1980年春,北京解放军总医院南楼,谭政正在病中休养。一份军队政治工作文件送到病房,工作人员翻到附件时,那个熟悉的报告名称映入眼帘。谭政看着署名,沉默了片刻,随后说道:“留守兵团政治部怎么作报告?这岂不是天大的笑话!”
这句话,表面上是在计较几个字,实质上却牵涉一段被反复争议的历史。对一位长期从事军队政治工作的老将来说,署名不只是名分,更关系到事实能否被准确记录,关系到一份重要文献究竟由谁起草、怎样形成。
这份报告,就是《关于军队政治工作问题的报告》。1944年4月11日,谭政受中共中央委托,在西北局高级干部会议上作了报告。它总结了边区部队政治工作的经验,也系统回答了党对军队的领导、政治工作的任务以及军民关系等问题。
报告的形成,并不是一个人关起门来写出来的。1942年延安整风开始后,留守兵团结合自身情况,开展了整风学习、拥政爱民、生产和练兵等工作。谭政在实际工作中发现,部队长期处于后方环境,虽然没有大规模战斗压力,却可能滋生忽视政治、脱离群众和特殊化等倾向。
1943年1月16日,谭政在留守兵团军政干部会议上作《肃清军阀主义倾向》的动员报告。他没有回避问题,直接指出干部关系、官兵关系、军政关系以及军民关系中的不良苗头。会后,团以上干部展开讨论和自我检查,部队风气随之出现变化。
这些材料后来成为报告的重要基础。谭政让政治部秘书处收集各部队的整风总结,把一年中的经验和教训整理出来,再围绕军队政治工作的原则、任务和制度进行归纳。报告初稿完成后,送交中央审阅。
毛泽东对这份稿件十分重视,曾亲自作过修改。修改并不等于代写。现存相关叙述表明,毛泽东在审阅过程中增加、调整了部分内容,但报告的基本框架和主要经验,仍然来自谭政对部队工作的调查、思考与总结。
报告中最具影响力的论断,是把中国共产党领导的政治工作概括为人民军队的“生命线”。它强调,军队必须服从党的政治领导,政治工作要服务于军队任务,并从思想、政治和组织上保证任务完成。这一判断不是抽象口号,而是从革命军队的实践中提炼出来的。
有意思的是,报告的价值越大,围绕作者和署名的争论也越尖锐。

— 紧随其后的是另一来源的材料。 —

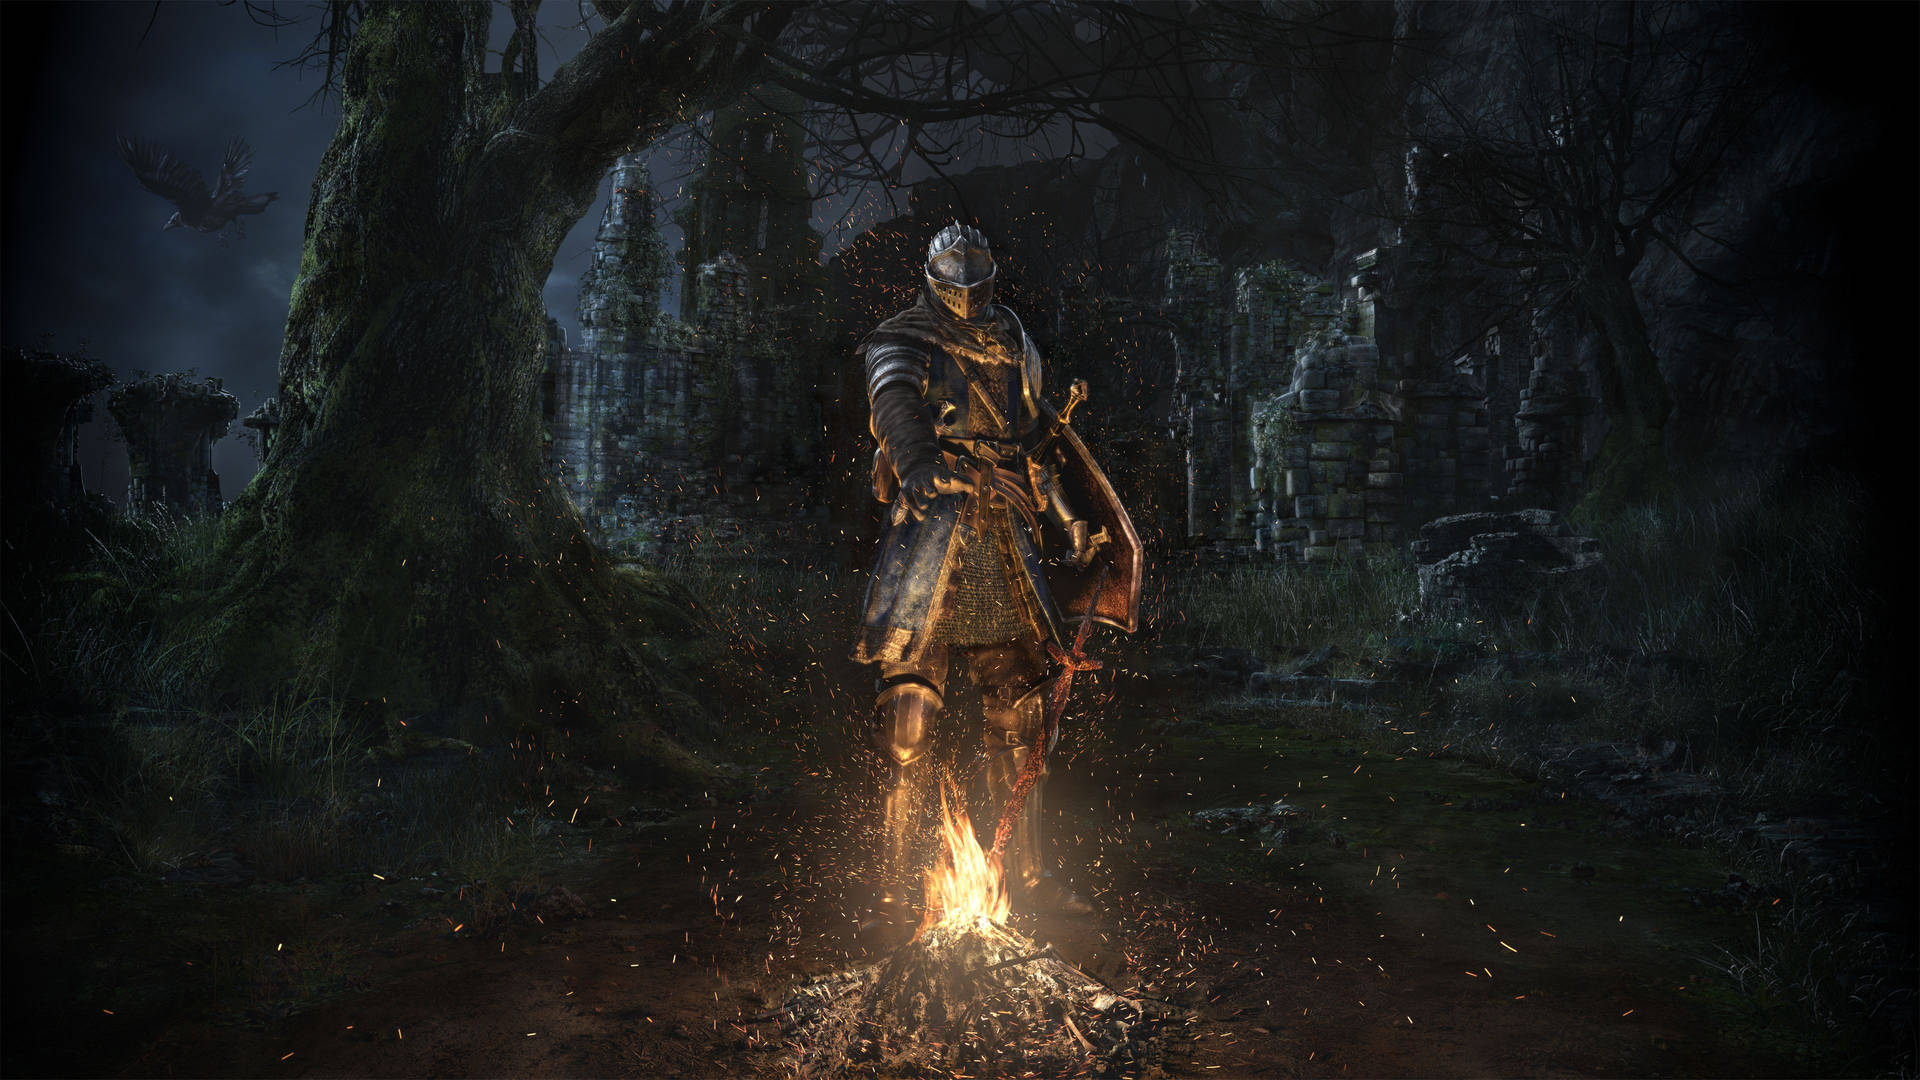 Paving Your Way Through Fire: a Dark Souls Adventure Wallpaper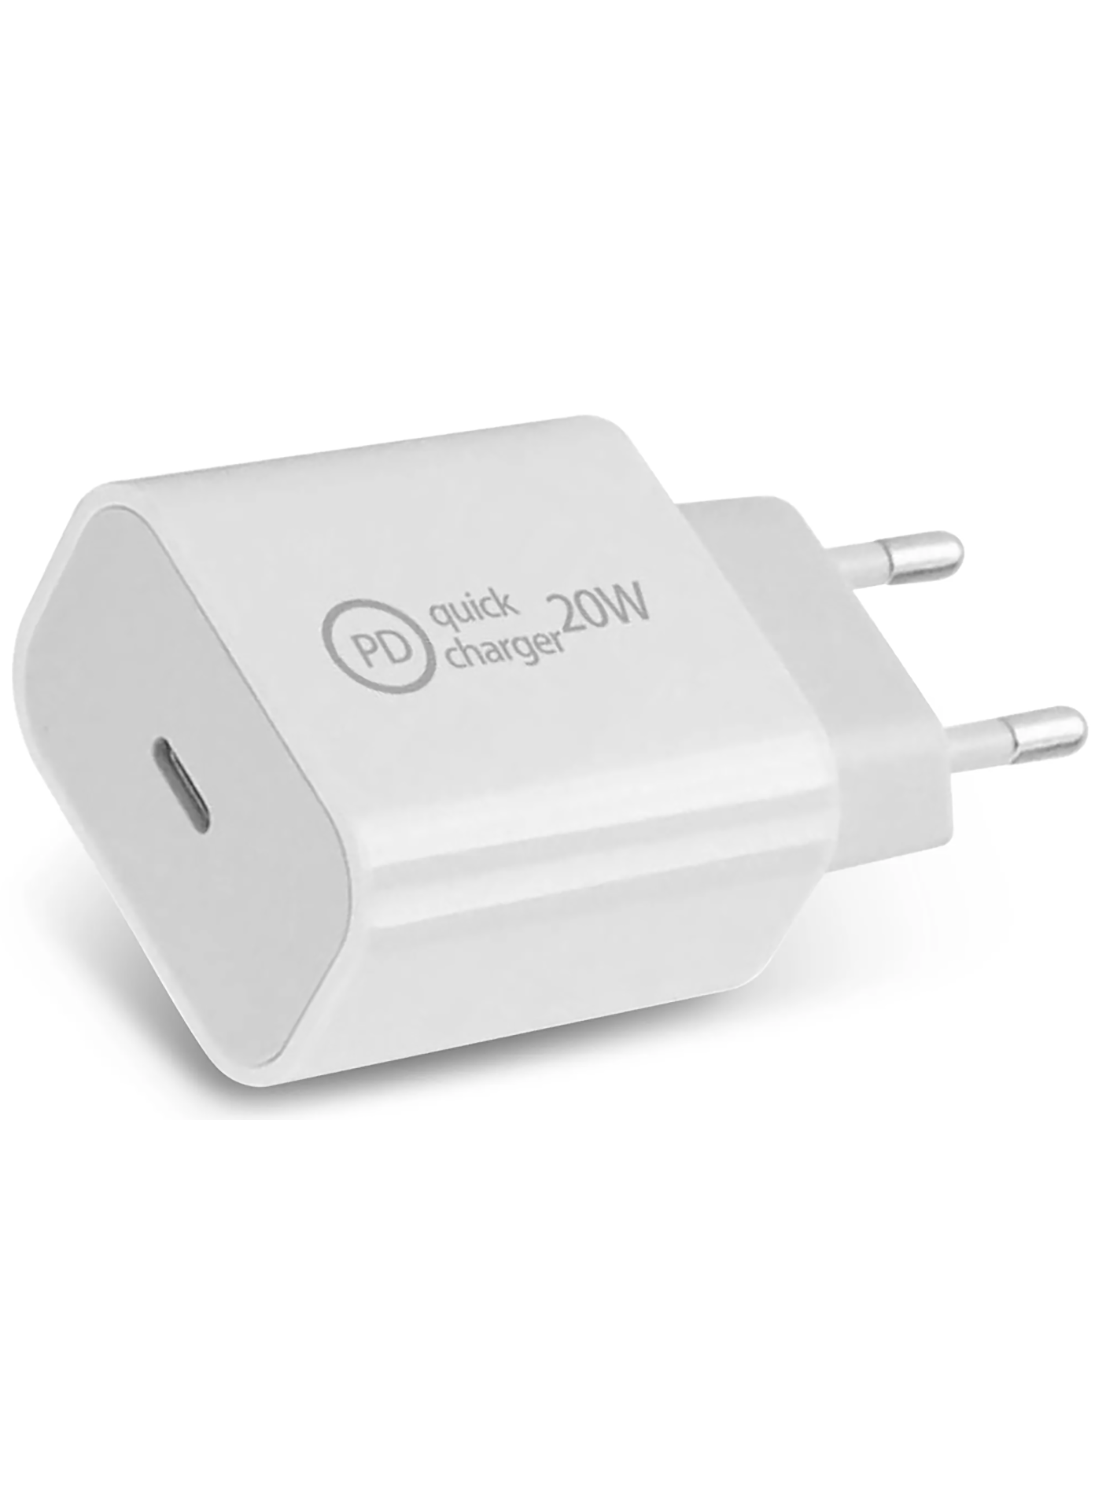 Schnellladegerät Netzteil 20W USB Typ C Power Charger Adapter

1960年,谭政受到错误批判,有人甚至提出,报告并非谭政所写,而是毛泽东重新改写的。这个说法本身就存在矛盾:若认定是毛泽东的文章,署名理应说明毛泽东;若不是,又为何长期只写“留守兵团政治部”?
谭政没有接受这种说法。无论在职务顺利时,还是处境困难时,他都坚持报告的形成经过必须实事求是。因为他清楚,报告不是个人炫耀功劳,而是对一段军队建设实践的负责。作者可以承认集体讨论和领导审阅,却不能把具体起草者从历史中抹去。
1980年,谭政受到的政治诬陷得到平反。但让他难以释怀的是,相关资料中的署名问题仍未及时纠正。病中的谭政看到文件附件仍沿用旧署名,情绪明显激动。秘书在旁劝道:“可能是他们又弄错了。”谭政回答:“历史总会真实,总有人讲公道话。”
不久后,谭政突发脑血栓,出现半身不遂和语言障碍。材料中常把这次发病与他的激动联系起来,但从医学角度看,脑血栓有复杂的病理原因,不能简单断言由一次生气直接造成。可以确定的是,疾病使他行动和表达都十分困难,而那份报告的署名,始终是他心里放不下的事情。
后来,权威党史资料重新收录这篇报告,署名改为“谭政”。秘书把书带到病床前,又将“谭政”两个字特意指给他看。听力已经明显下降的谭政无法听清,只能通过文字确认。看到自己的名字,他脸上露出笑意,嘴唇微微动了动。
谭政1906年出生于湖南湘乡,参加过秋收起义,曾在井冈山时期担任毛泽东的秘书,长期负责军队政治工作。1955年,他被授予大将军衔;1956年出任总政治部主任。无论职务如何变化,他始终把部队思想建设、干部作风和群众纪律视为军队战斗力的重要组成部分。
1986年6月13日,谭政迎来八十岁生日。徐向前元帅在贺信中评价道:“您对人民军队政治工作的建树,您对革命的功绩,是永不磨灭的。”1988年7月,谭政被授予一级红星功勋荣誉章。同年11月6日,他在北京逝世,享年82岁。
一篇报告可以由集体经验孕育,也可以经过领导审阅和修改,但文献的形成过程必须留下清楚而准确的印记。对谭政而言,那两个迟到多年的名字,并不是个人荣誉的补偿,而是历史事实终于回到了它应有的位置。